(Dataset items)
********************

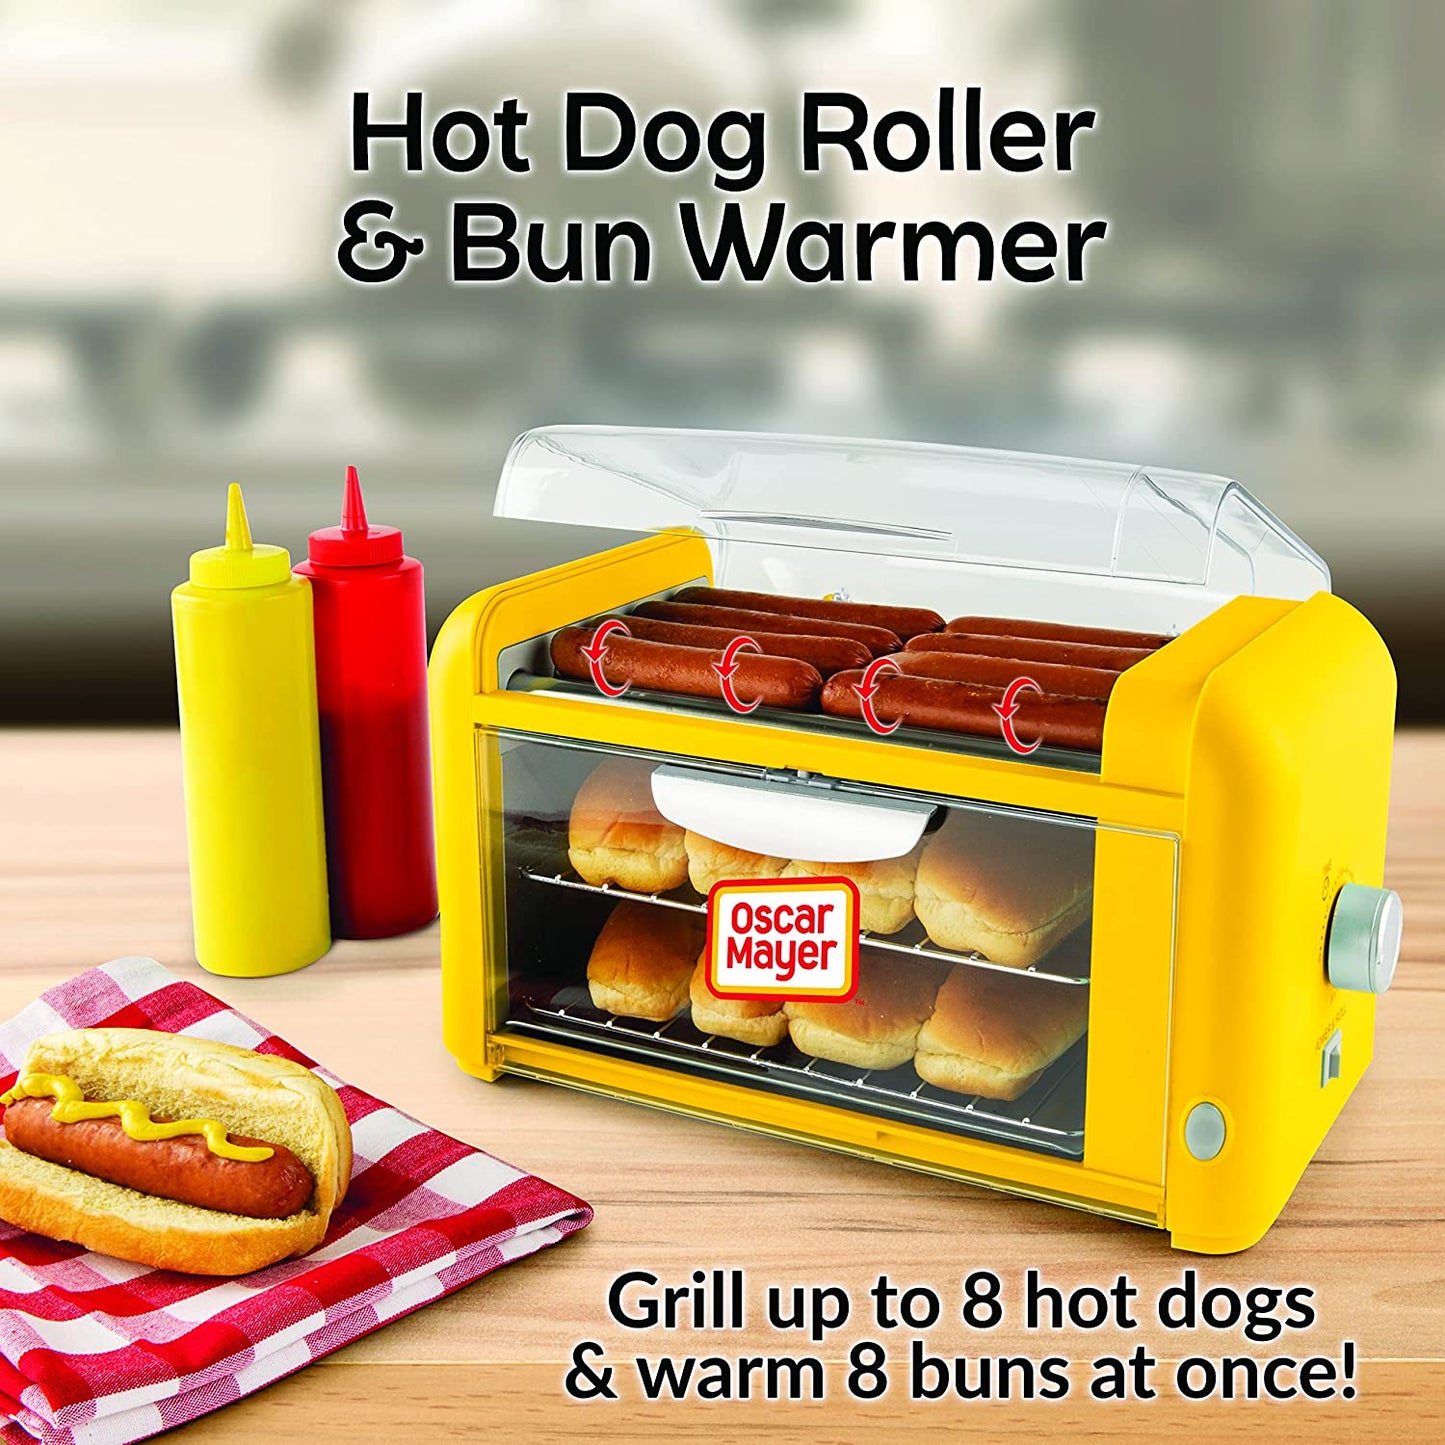 A hot dog roller and bun warmer filled with food. Near by are two bottles of sauce and a cooked hot dog ready to eat.
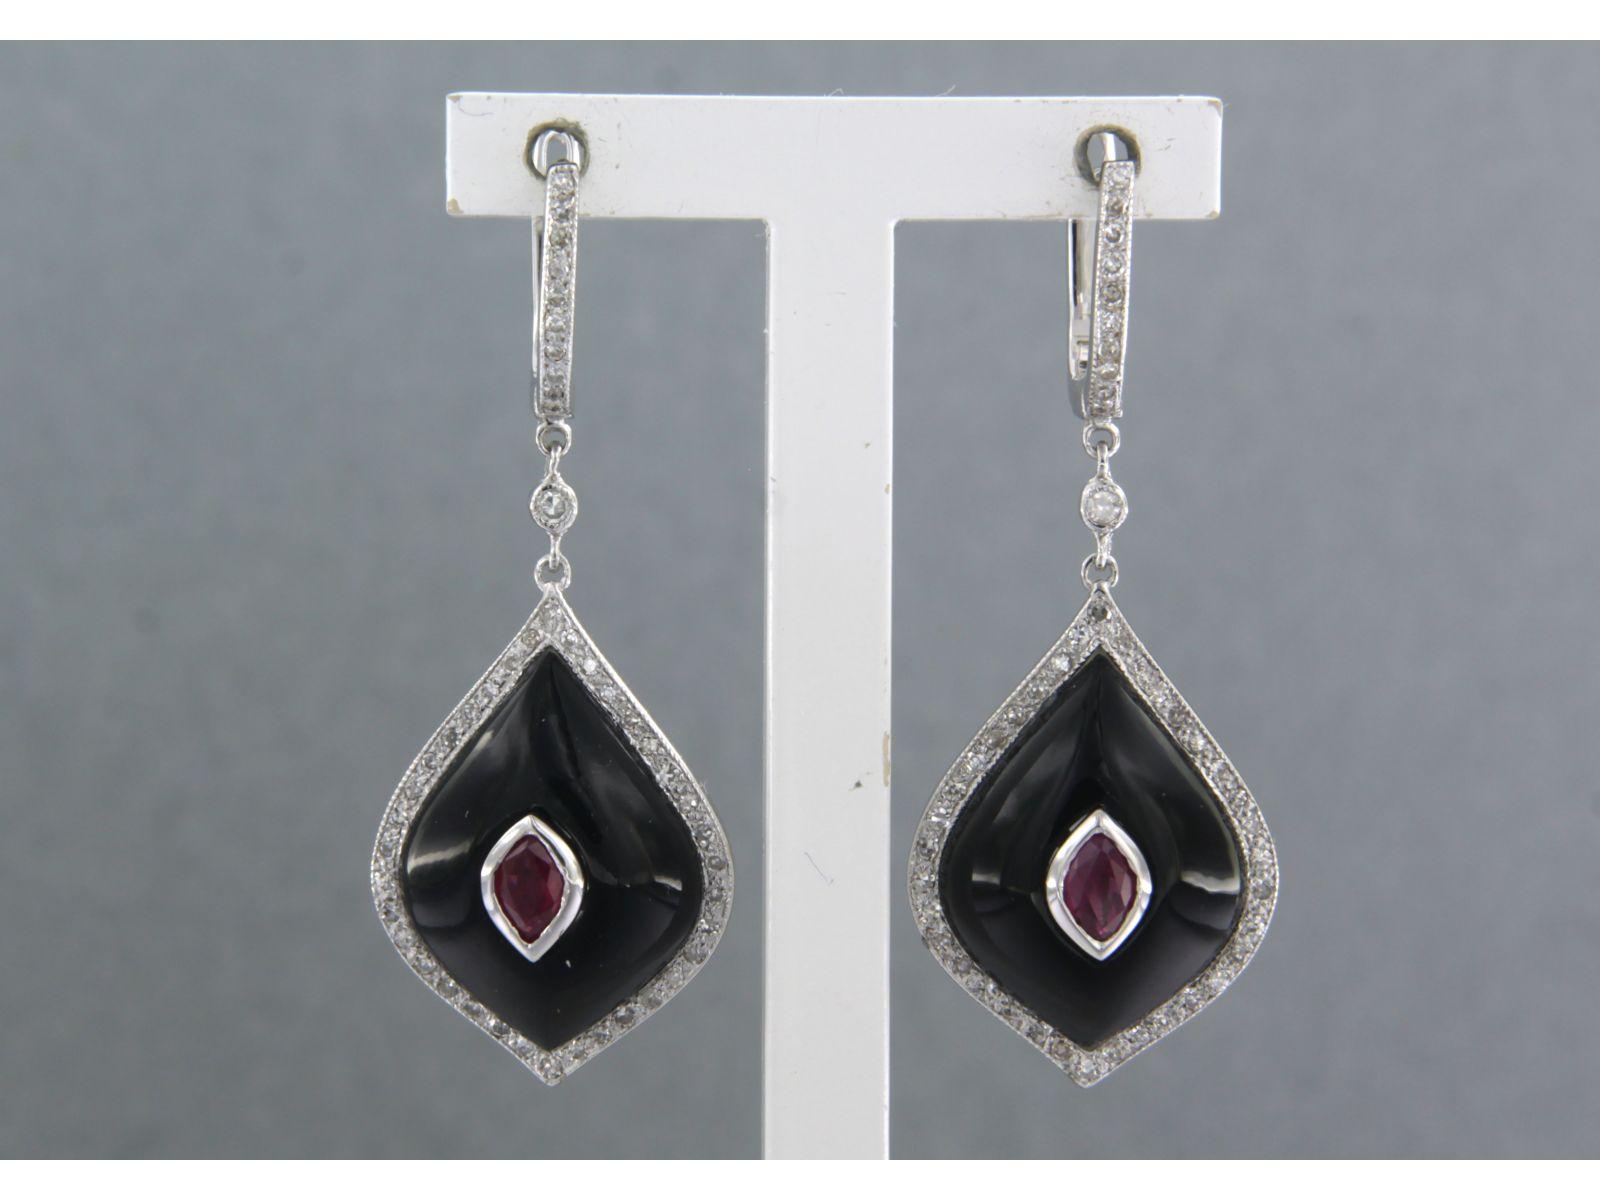 14k white gold earrings set with sapphire, onyx and single cut diamonds. 0.40ct - F/G - VS/SI

detailed description:

the size of the earring is 3.7 cm long by 1.4 cm wide

weight 5.9 grams

set with

- 2 x 1.4 cm x 1.2 cm drop shape cabuchon cut
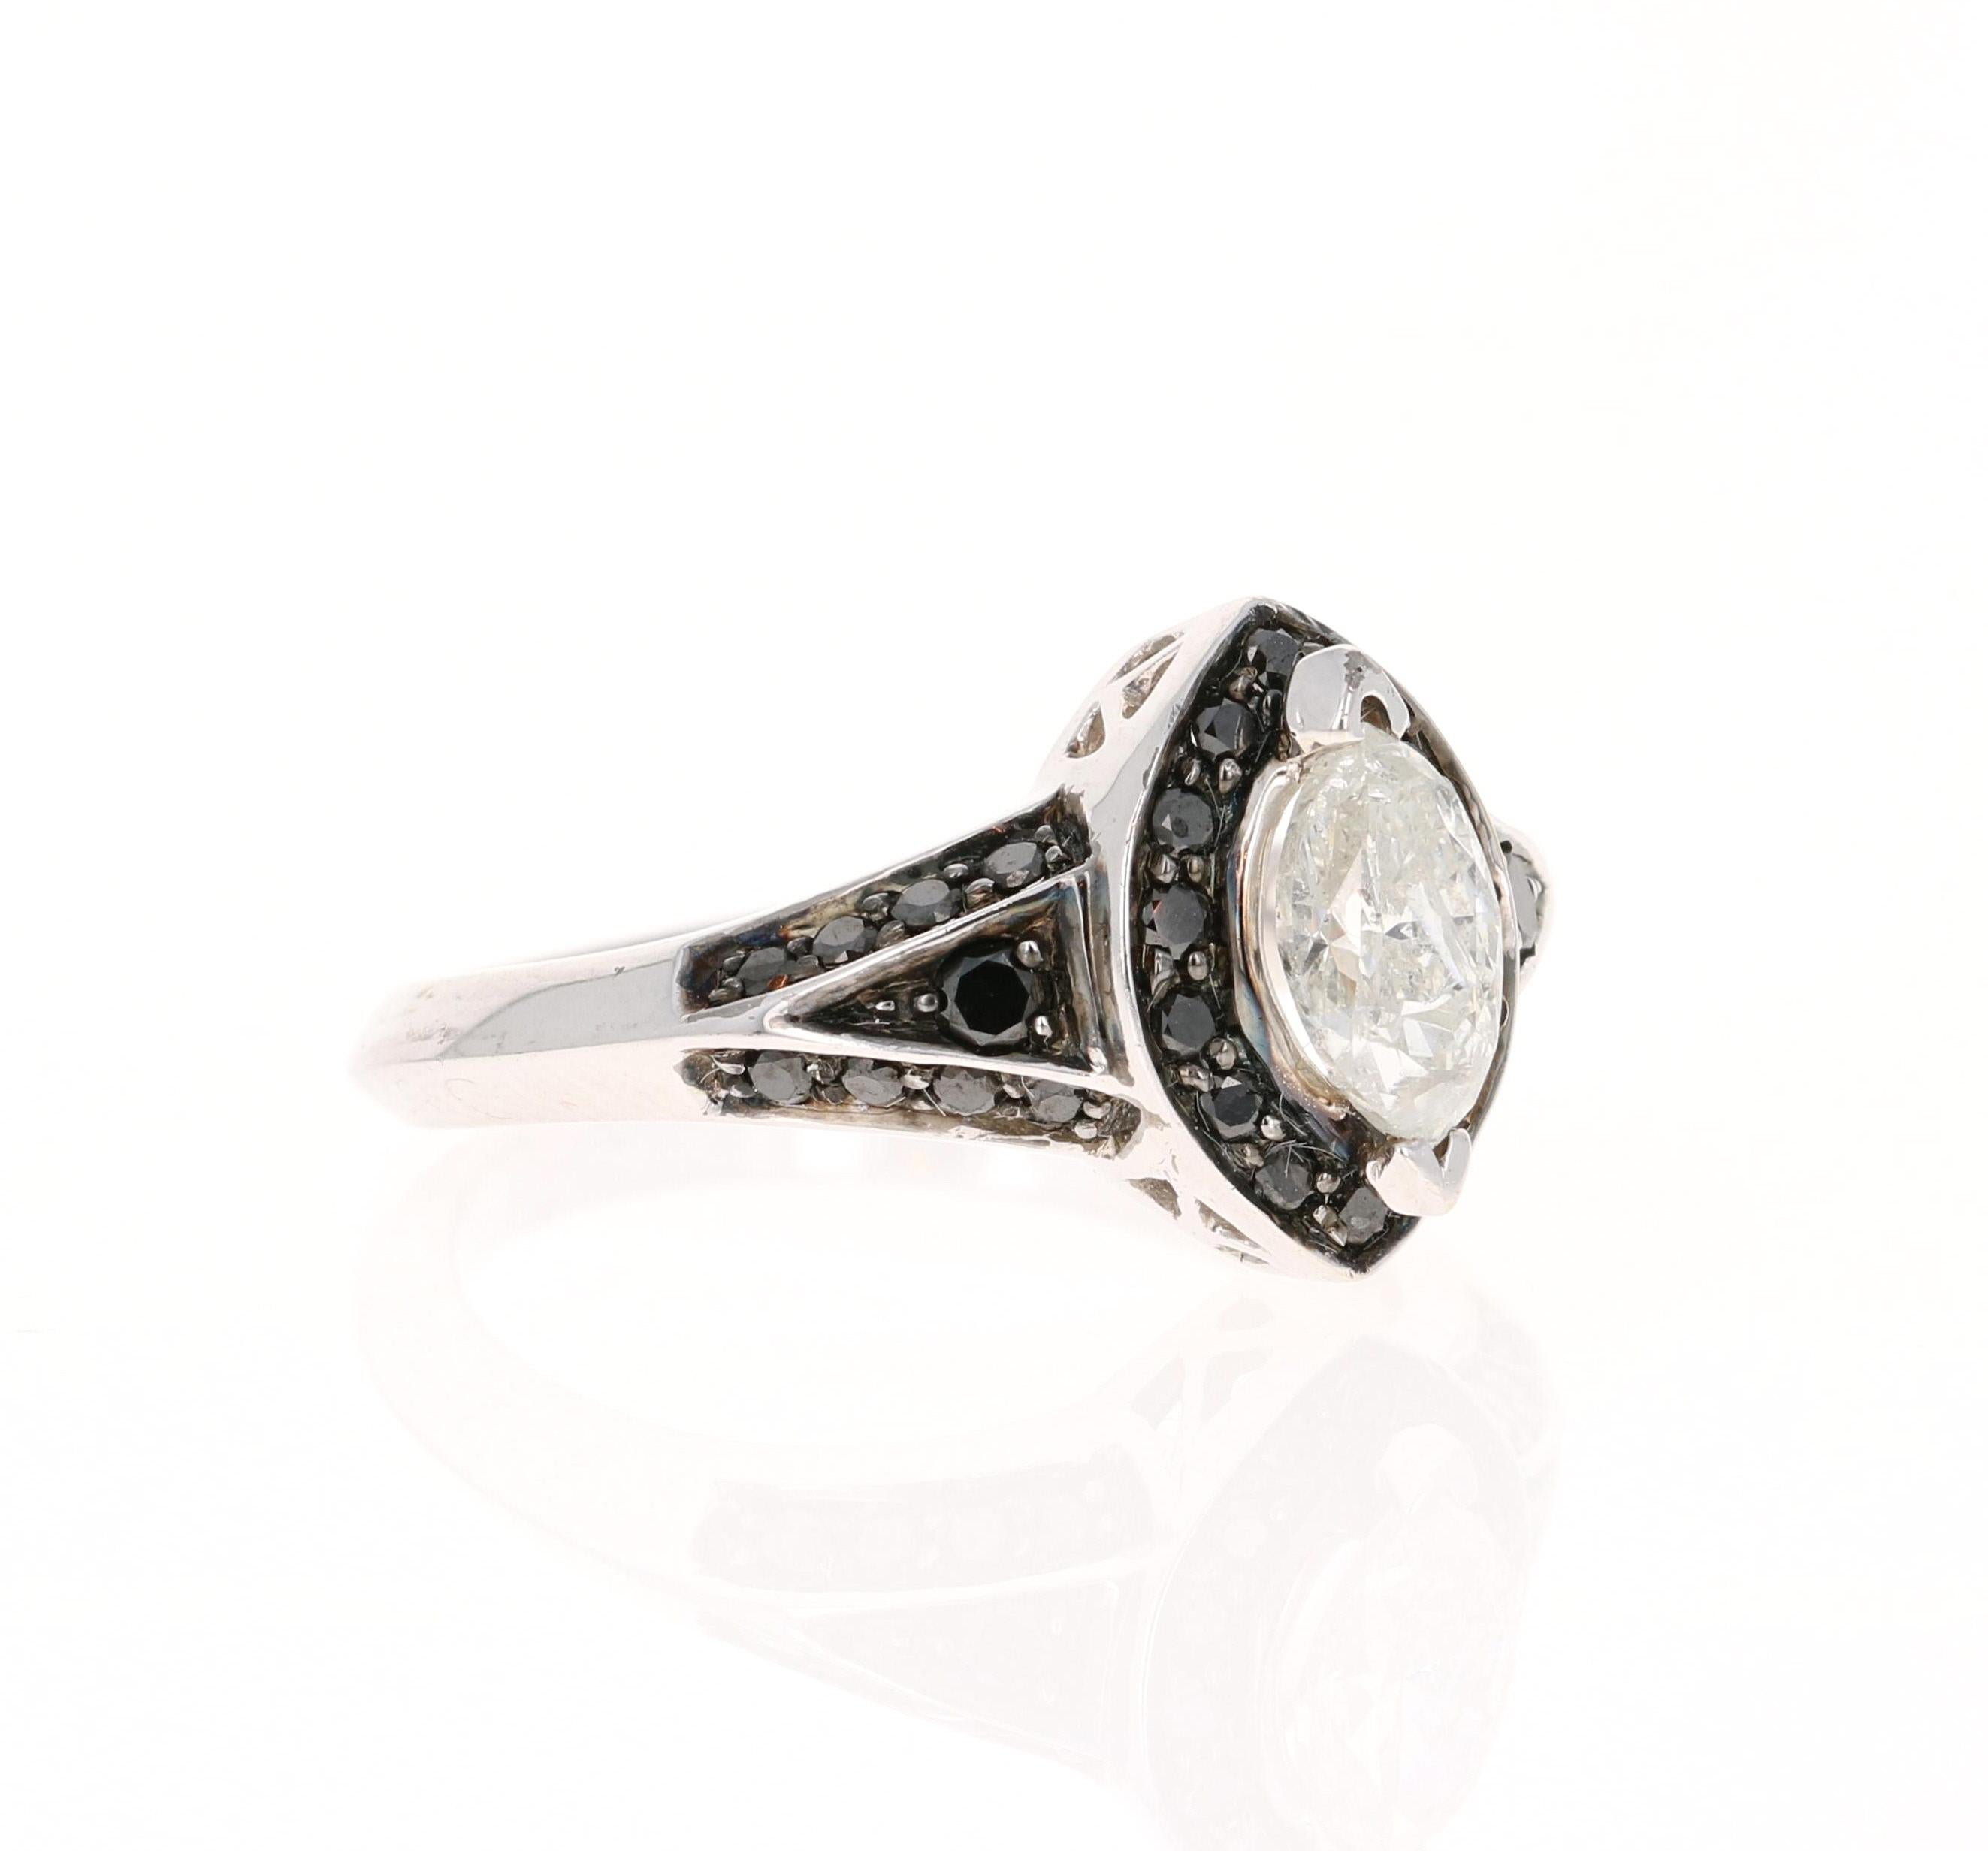 This ring has a Marquise Cut Diamond that weighs 0.63 carats. There are also 36 Round Cut Black Diamonds that weigh 0.40 carats. The total carat weight of the ring is 1.03 carats. 

The ring is set in 14 Karat White Gold and has an approximate gold

********************

* **Work required**: All that is needed is the data above, repeated exactly, without the pictures.

* **Response box**:
 A hot dog roller and bun warmer filled with food. Near by are two bottles of sauce and a cooked hot dog ready to eat.
 14k white gold earrings set with sapphire, onyx and single cut diamonds. 0.40ct - F/G - VS/SI

detailed description:

the size of the earring is 3.7 cm long by 1.4 cm wide

weight 5.9 grams

set with

- 2 x 1.4 cm x 1.2 cm drop shape cabuchon cut
 This ring has a Marquise Cut Diamond that weighs 0.63 carats. There are also 36 Round Cut Black Diamonds that weigh 0.40 carats. The total carat weight of the ring is 1.03 carats. 

The ring is set in 14 Karat White Gold and has an approximate gold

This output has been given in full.